Containerized AI Workloads with Podman on RHEL

📘 Book Reference: This article is based on Chapter 2: Setup and Chapter 5: Custom Applications of Practical RHEL AI, covering container-based AI deployments using Podman.

Introduction

Podman is the container runtime of choice for RHEL AI deployments. Unlike Docker, Podman runs daemonless and supports rootless containers out of the box—critical features for security-conscious enterprise AI deployments.

Practical RHEL AI recommends Podman for all containerized AI workloads, and this article shows you how.

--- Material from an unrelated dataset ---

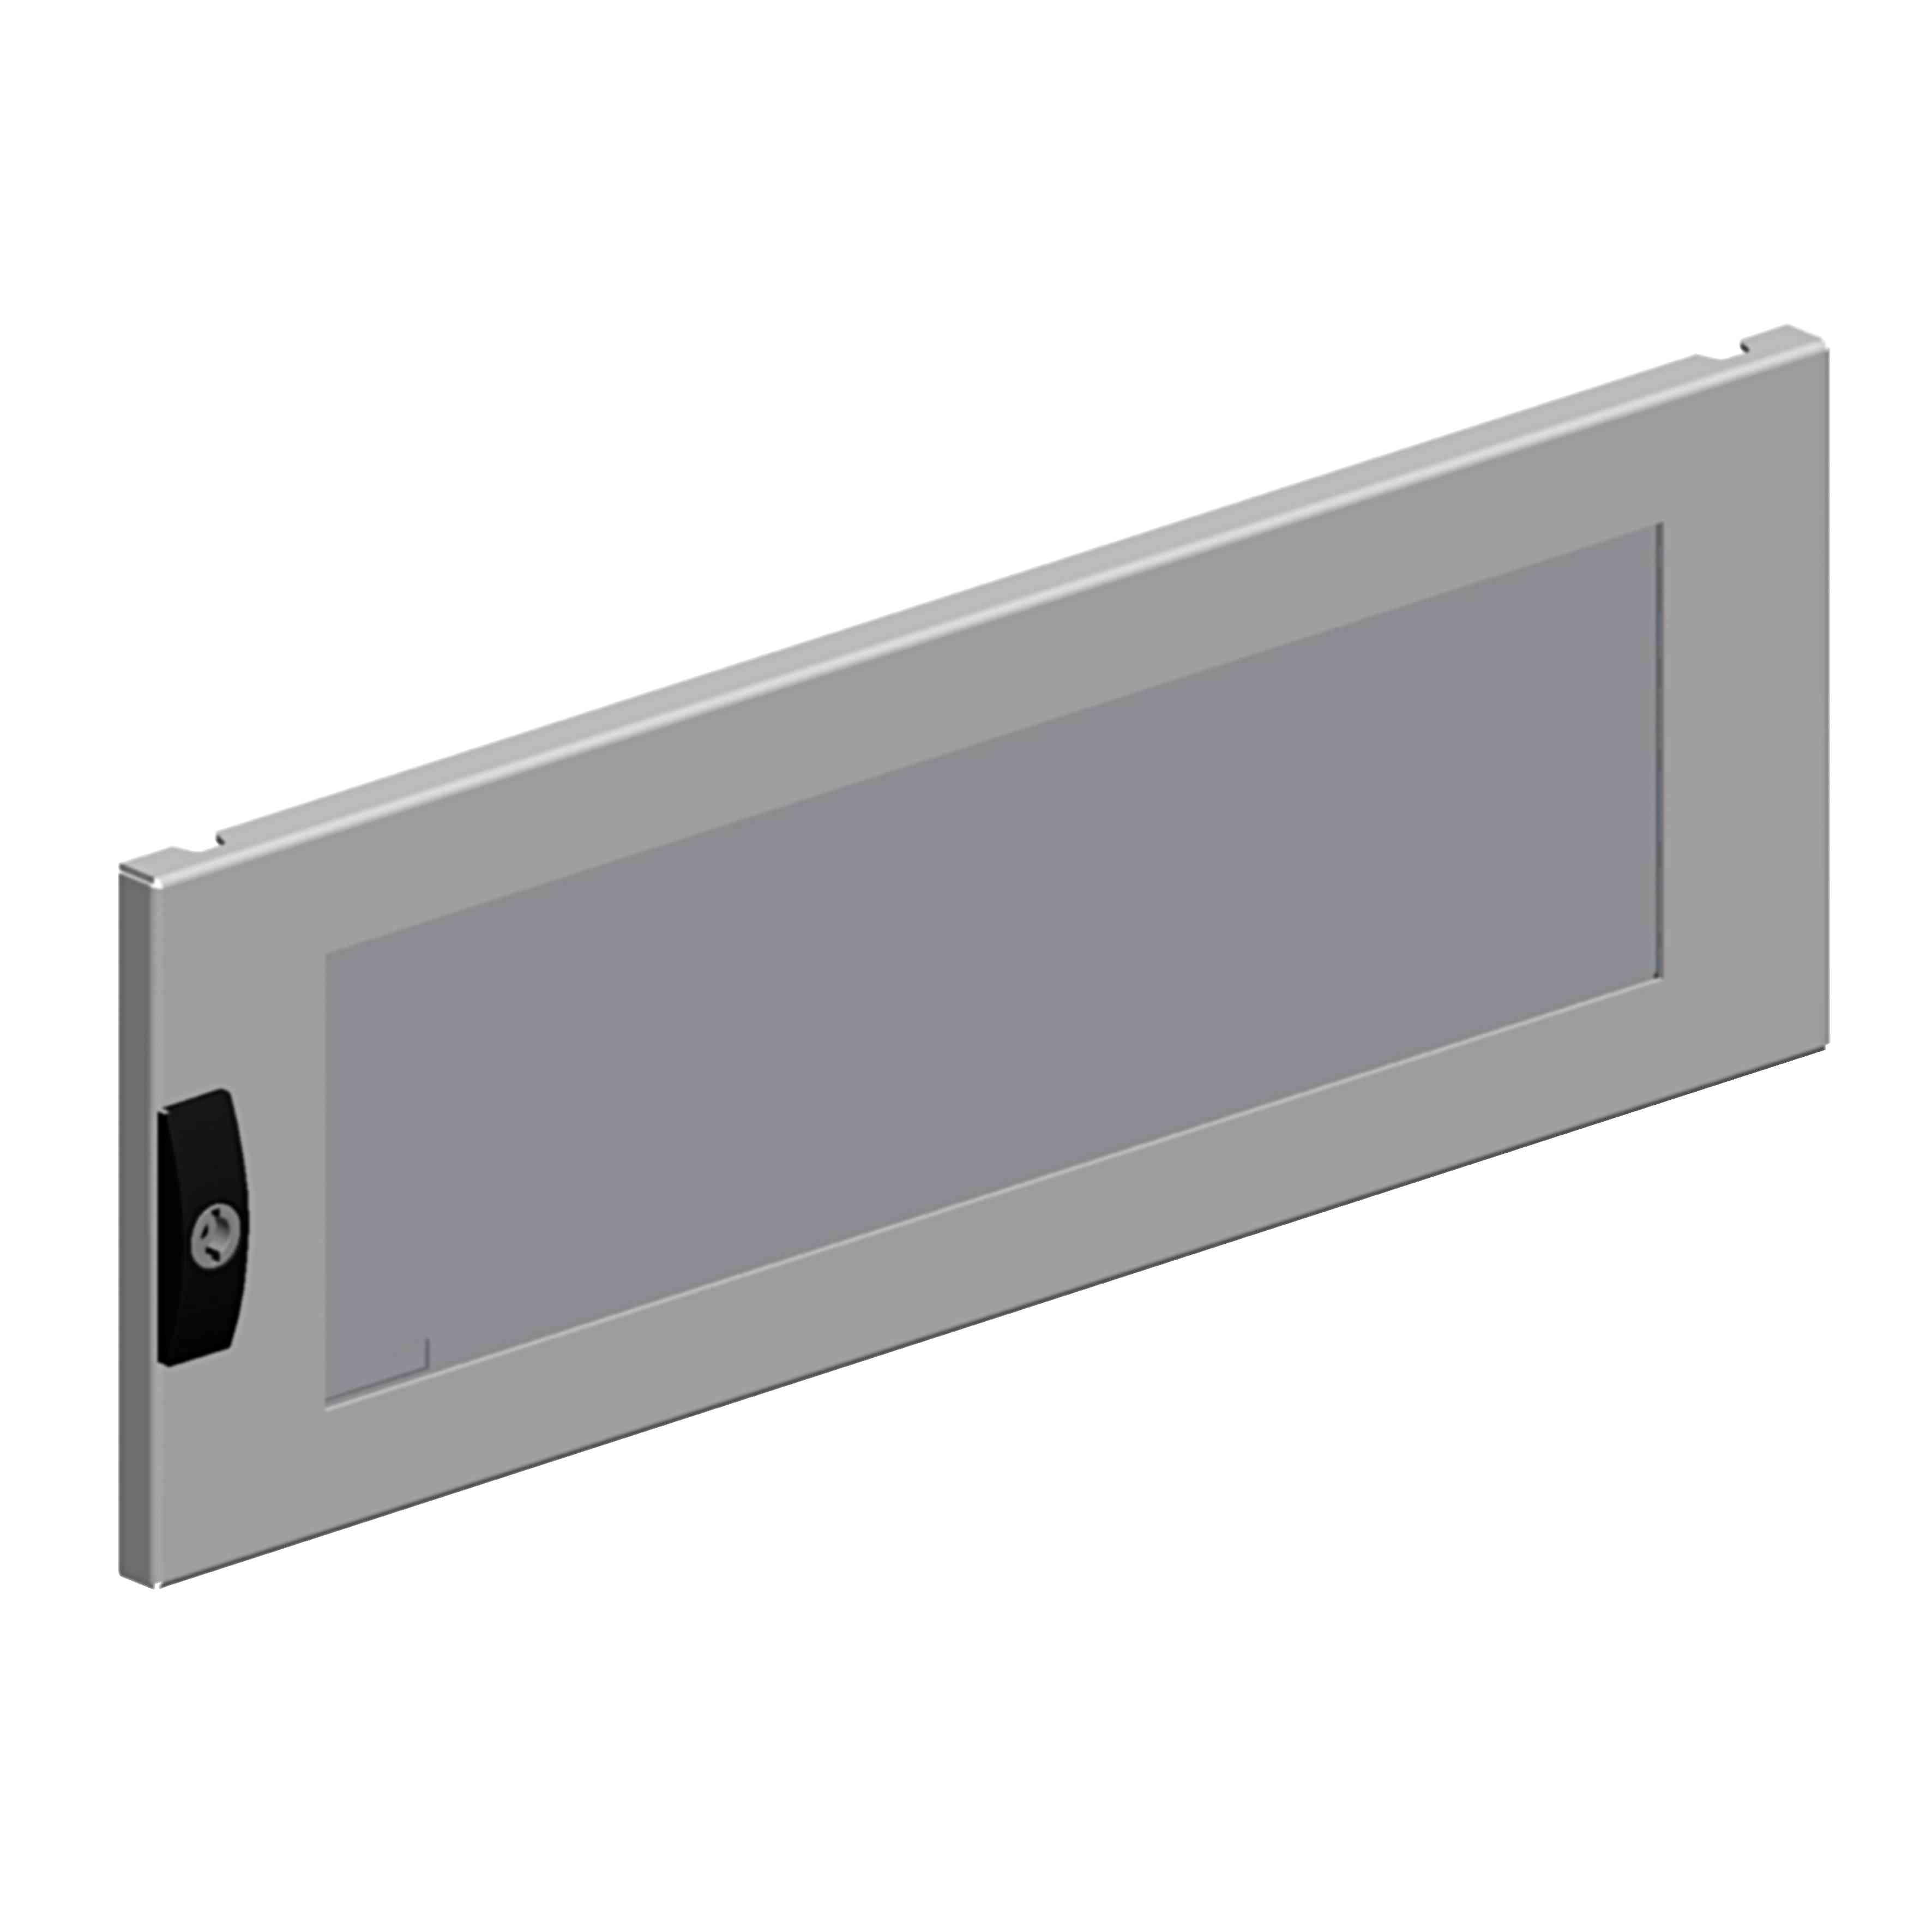 Spacial SF prosojna vrata - 400 x 800 mm

Why Podman for AI Workloads?

Feature	Podman	Docker
Daemonless	✅ Yes	❌ No
Rootless Containers	✅ Native	⚠️ Limited
SELinux Integration	✅ Full	⚠️ Partial
Systemd Integration	✅ Native	⚠️ Workarounds
OCI Compliant	✅ Yes	✅ Yes
GPU Support	✅ CDI	✅ nvidia-docker

Installing Podman with GPU Support

# Install Podman and GPU tools
sudo dnf install -y podman podman-plugins nvidia-container-toolkit

# Configure NVIDIA Container Toolkit for Podman
sudo nvidia-ctk cdi generate --output=/etc/cdi/nvidia.yaml

# Verify CDI configuration
nvidia-ctk cdi list

# Test GPU access in container
podman run --rm --device nvidia.com/gpu=all \
  nvidia/cuda:12.4-base nvidia-smi

Running AI Models in Containers

Basic vLLM Container

# Pull the RHEL AI vLLM image
podman pull registry.redhat.io/rhel-ai/vllm-server:latest

# Run with GPU access
podman run -d \
  --name vllm-inference \
  --device nvidia.com/gpu=all \
  -p 8000:8000 \
  -v /opt/models:/models:ro,Z \
  registry.redhat.io/rhel-ai/vllm-server:latest \
  --model /models/granite-7b-instruct \
  --host 0.0.0.0 \
  --port 8000

Rootless Container (Enhanced Security)

# Run as non-root user (no sudo!)
podman run -d \
  --name vllm-rootless \
  --device nvidia.com/gpu=all \
  -p 8000:8000 \
  -v ~/models:/models:ro \
  registry.redhat.io/rhel-ai/vllm-server:latest \
  --model /models/granite-7b-instruct

# Verify running as non-root
podman top vllm-rootless user

Building Custom AI Containers

Containerfile for Fine-Tuned Model

# Containerfile.inference
FROM registry.redhat.io/rhel-ai/vllm-server:latest

LABEL maintainer="[email protected]"
LABEL version="1.0"
LABEL description="Custom fine-tuned Granite model"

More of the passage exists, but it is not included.